Baca berita dengan sedikit iklan, klik di sini
Krisis ekonomi cuma mampir sebentar di Tenggarong. Pada tahun kelima, ibu kota Kabupaten Kutai Kartanegara di Kalimantan Timur ini sudah asyik bersolek.
Inilah maskotnya: Pulau Wisata Kumala. Pulau di tengah Sungai Mahakam seluas 76 hektare ini direncanakan memiliki fasilitas rekreasi sekaliber Singapura. Biayanya Rp 4 triliun. Kini di sana sudah ada planetarium senilai Rp 25 miliar, kereta gantung, serta resor modern. Di tepi pulau itu bertengger patung perunggu Lembuswana, maskot Kerajaan Kutai Kartanegara, bikinan pematung Nyoman Nuarta, yang didirikan dengan biaya Rp 37 miliar.
Paling nikmat melihat pulau itu dari jembatan Sungai Mahakam II. Ini juga maskot Kutai. Penyeberangan mirip jembatan gantung Golden Gate di San Francisco ini dibangun dengan biaya Rp 960 miliar. Panjangnya 1,3 kilometer dan lebarnya 12 meter. Biaya perawatannya Rp 8 miliar setahun.

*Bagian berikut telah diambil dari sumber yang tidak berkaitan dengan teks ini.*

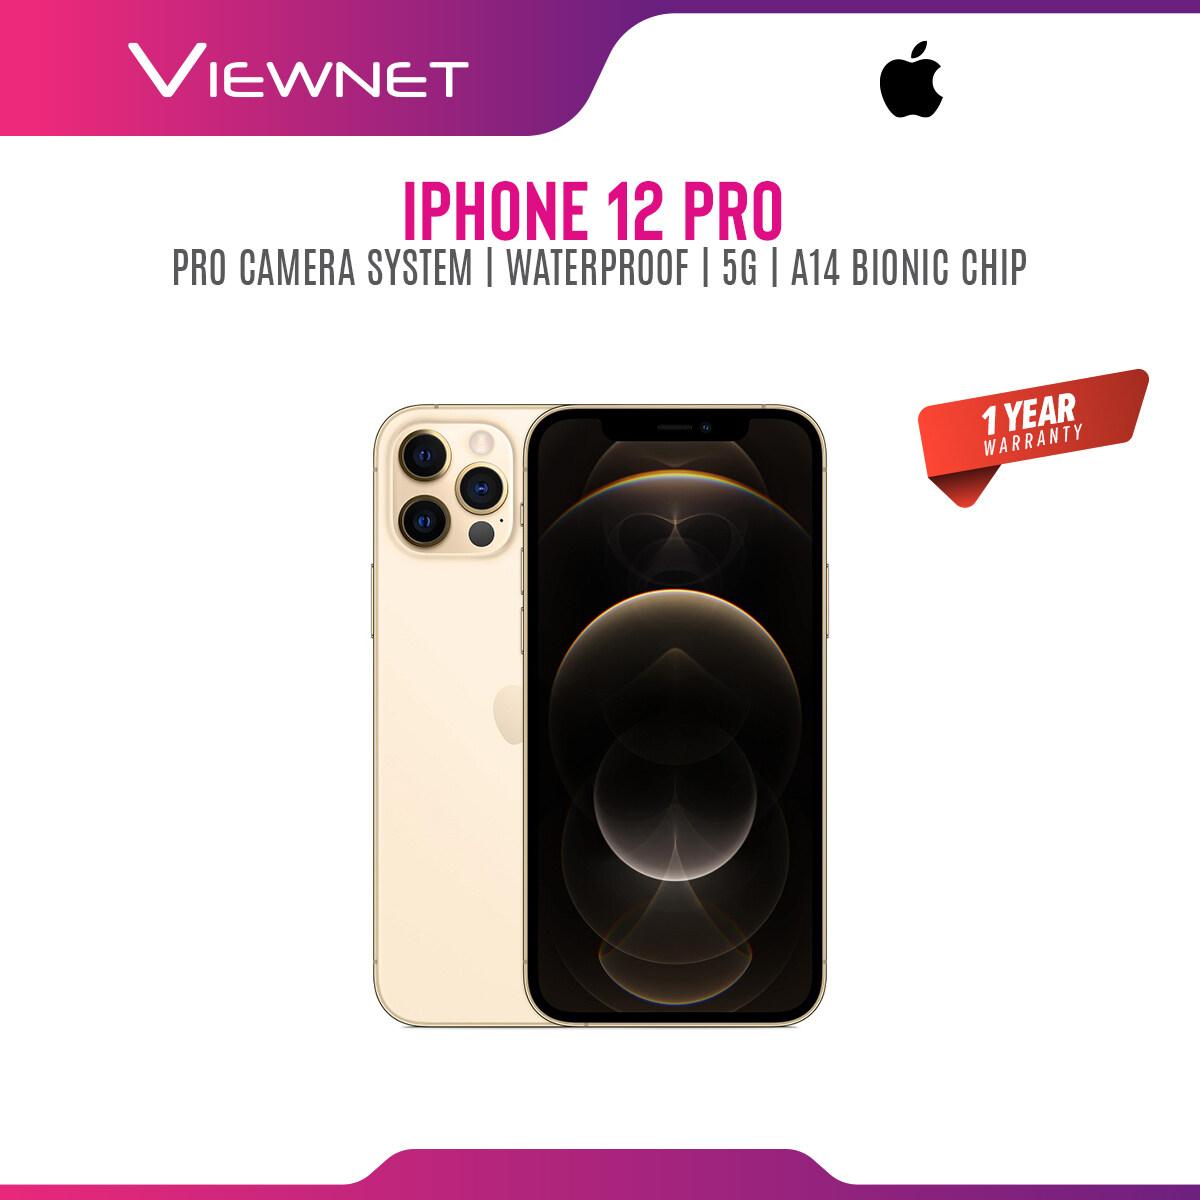 Apple iPhone 12 Pro (128GB,256GB,512GB) 5G smartphone,1 year warranty

Kutai Kartanegara adalah ”anak otonomi daerah”. Ketika otonomi diberlakukan pada 2002, pundi-pundi pemerintah daerah bengkak oleh setoran perusahaan minyak dan gas kelas dunia: dari Total, Unocal, hingga Vico. Hasilnya, ketika itu, anggaran belanja kabupaten ini mencapai Rp 1,7 triliun. Padahal, pada 2001, anggaran belanja Kutai masih di peringkat 108 di antara kabupaten di Indonesia, dengan nilai cuma Rp 200 miliar.
Tahun ini anggaran belanja kabupaten seluas 27.263 kilometer persegi dengan penduduk setengah juta jiwa itu Rp 3,7 triliun, hanya terpaut Rp 1 triliun dari anggaran Provinsi Kalimantan Timur. ”Kami memang kabupaten terkaya di Indonesia,” ujar H.M. Irham, anggota Panitia Anggaran DPRD Kutai Kartanegara. Pantaslah Tenggarong gemerlap.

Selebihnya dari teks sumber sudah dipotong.